El escándalo de los audios de Karina Milei es apenas el más reciente de varios episodios que minan la imagen del gobierno libertario en materia de transparencia. Incluso figuras cercanas al oficialismo han expresado decepción. El periodista Jonatan Viale, antes aliado mediático de Milei, enumeró indignado los tropiezos recientes:
“Tuvimos el caso $LIBRA que no terminó; corrupción en la ANSES y en el PAMI, donde se pedía un diezmo para La Libertad Avanza (el partido de Milei) en provincias; el caso de las empresas de la familia Menem contratando al Banco Nación… Ahora surge esto, retornos del 8% en la Agencia de Discapacidad”.
Entre esos frentes críticos se cuentan el caso $LIBRA —la promoción de una criptomoneda que derivó en un colapso financiero con miles de damnificados—; las denuncias de cobro de “diezmos” en PAMI y ANSES a empleados y proveedores en varias provincias; y la controvertida adjudicación de un contrato de vigilancia del Banco Nación a Tech Security SRL, una empresa ligada a la familia Menem (aliada política de Milei). A ello se sumó la crisis de los anestésicos con fentanilo adulterado, que causó decenas de muertes y expuso falencias en la reacción del Ministerio de Salud. Cada uno de estos casos ha erosionado la promesa de Javier Milei de cortar de raíz las viejas prácticas corruptas del Estado.
Políticamente, el caso de la ANDIS golpea en el corazón del relato mileísta. La hermana del Presidente —sin ocupar un cargo formal pero con enorme influencia— aparece vinculada a los mismos “curros” que su espacio prometió erradicar. La indignación trasciende las filas opositoras.
“Ustedes eran el partido anticasta… no cuenten conmigo para bancar el afano estructural”, lanzó Viale, reflejando la desilusión incluso entre sus propios simpatizantes.

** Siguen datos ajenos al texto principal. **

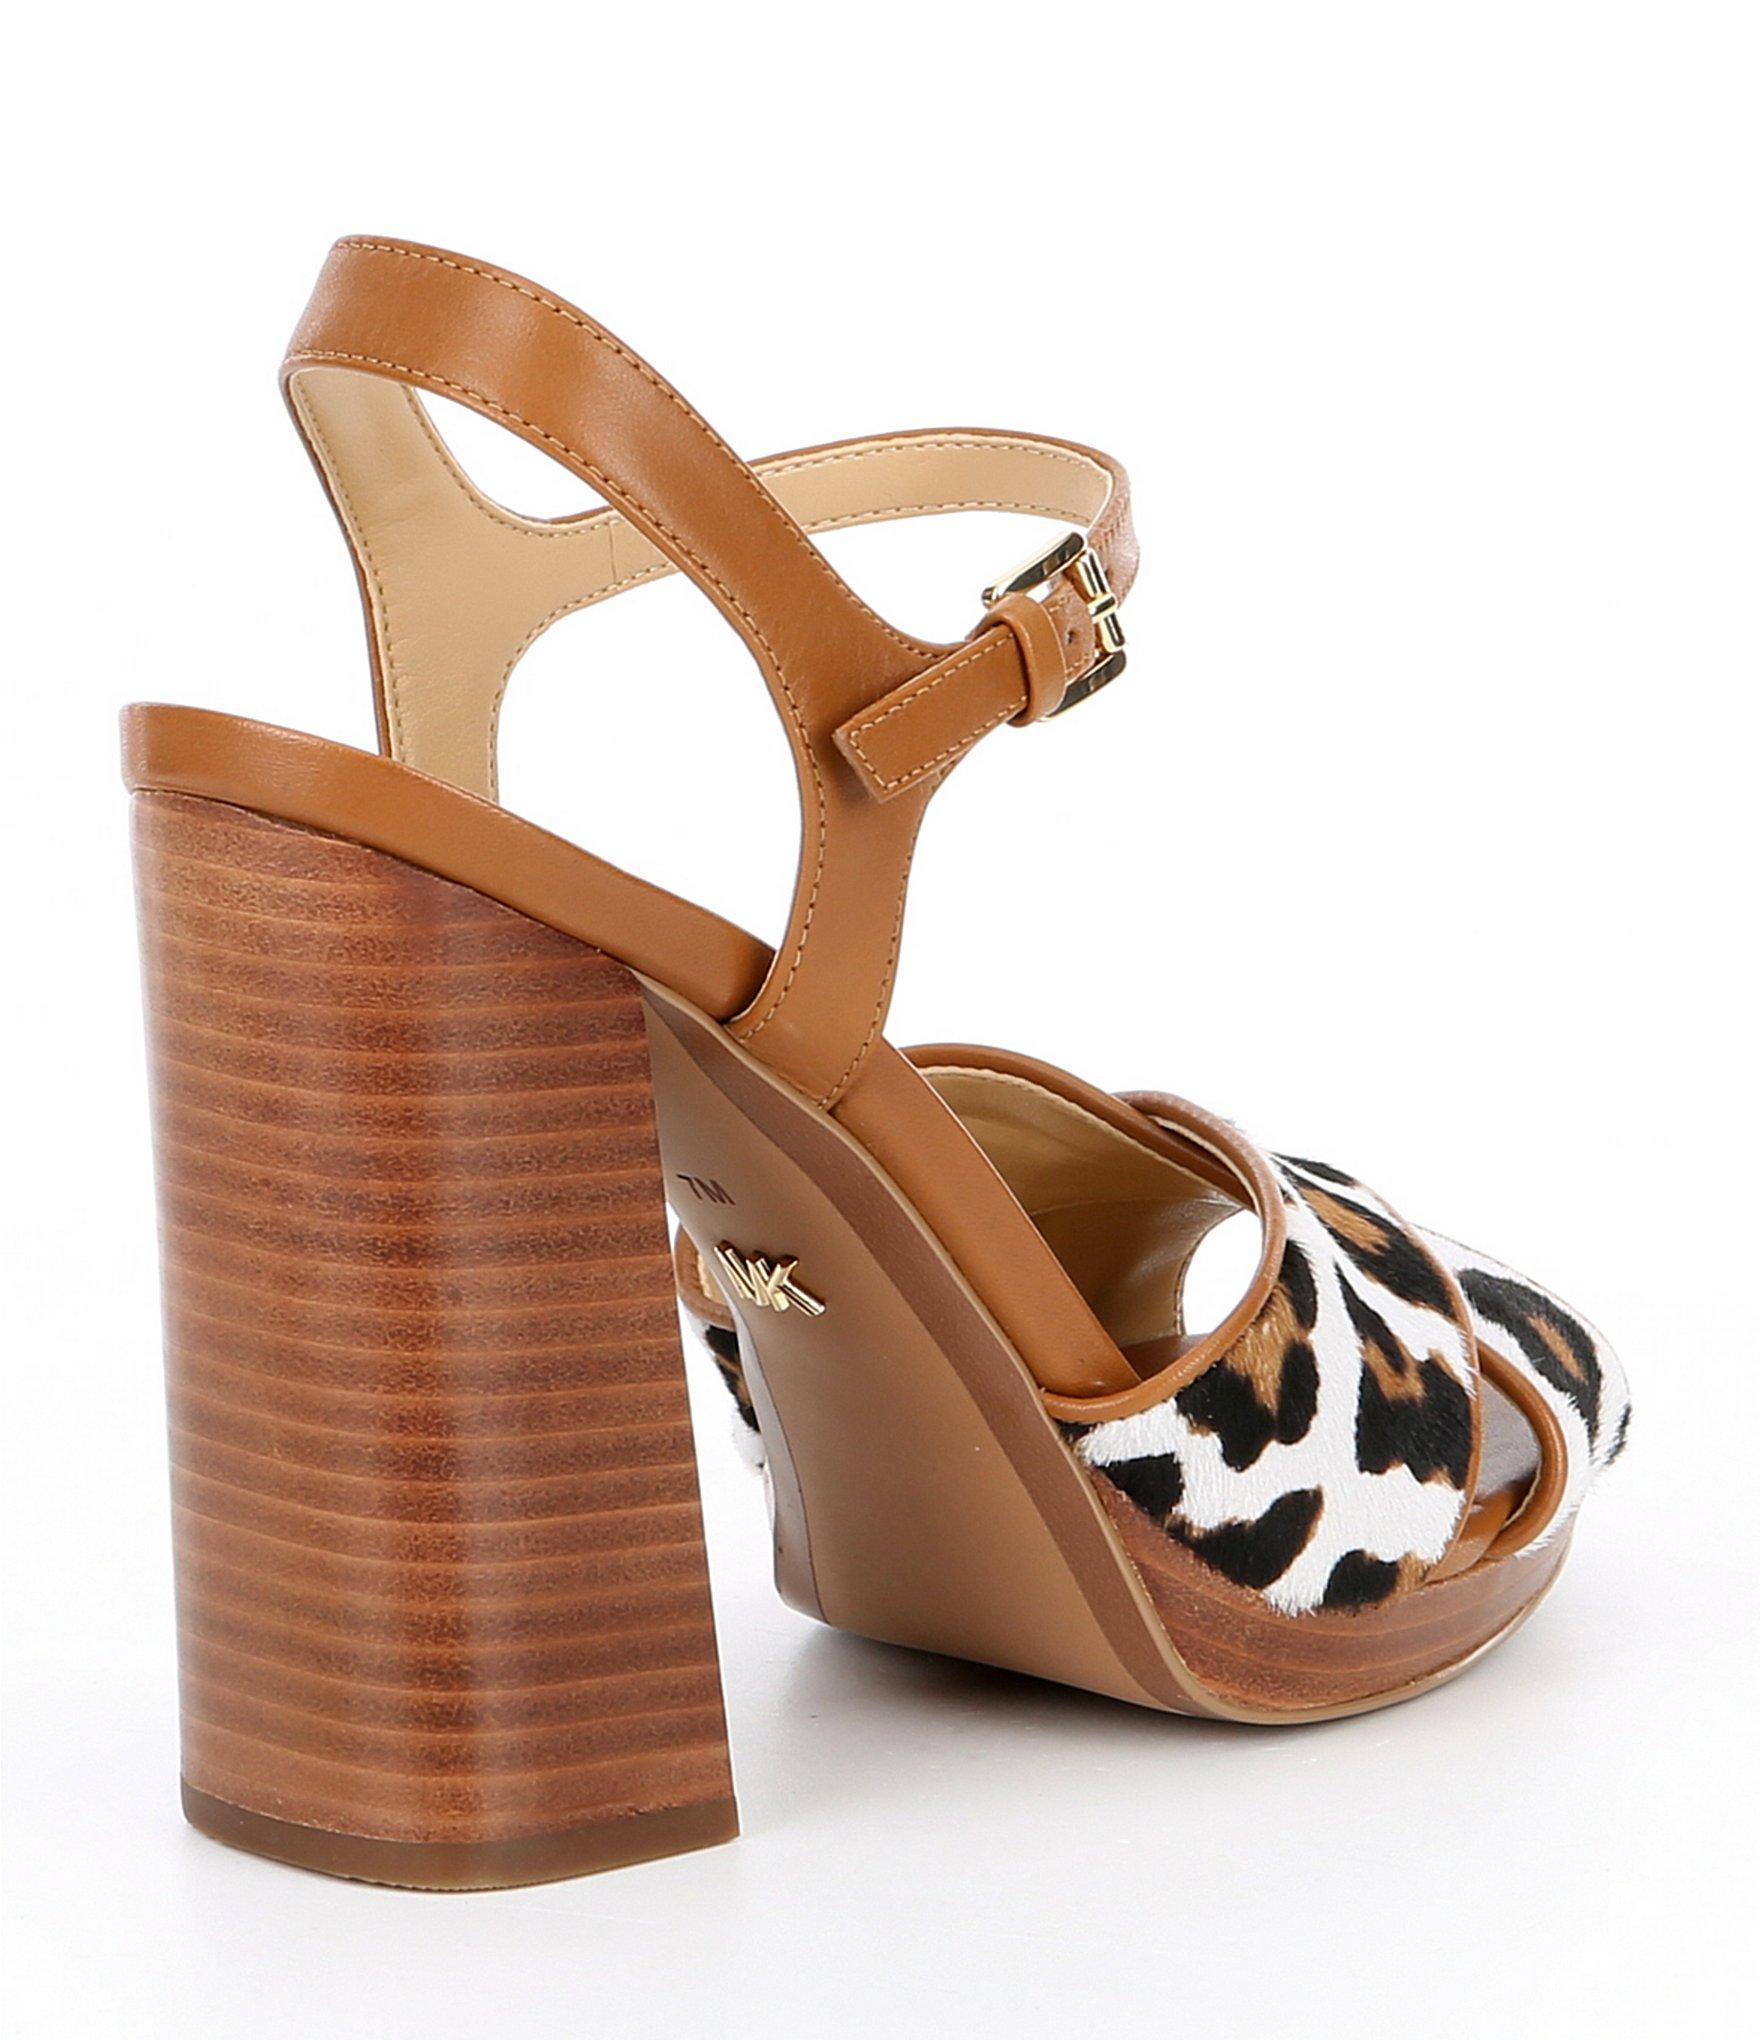 2b4691ba746d MICHAEL Michael Kors - Brown Alexia Leopard Print Platform Block Heel  Sandals - Lyst. View fullscreen

Desde la oposición peronista se exige investigar a fondo.
Por ahora, Javier Milei ha guardado silencio sobre el tema. Su capital político, forjado en la bandera de la honestidad, está en juego. El desenlace de la investigación dirá si este escándalo marca un punto de inflexión en su gobierno. Por lo pronto, el Presidente que prometía “hacer volar por el aire” la corrupción enfrenta el desafío de contener un incendio político en su propio entorno.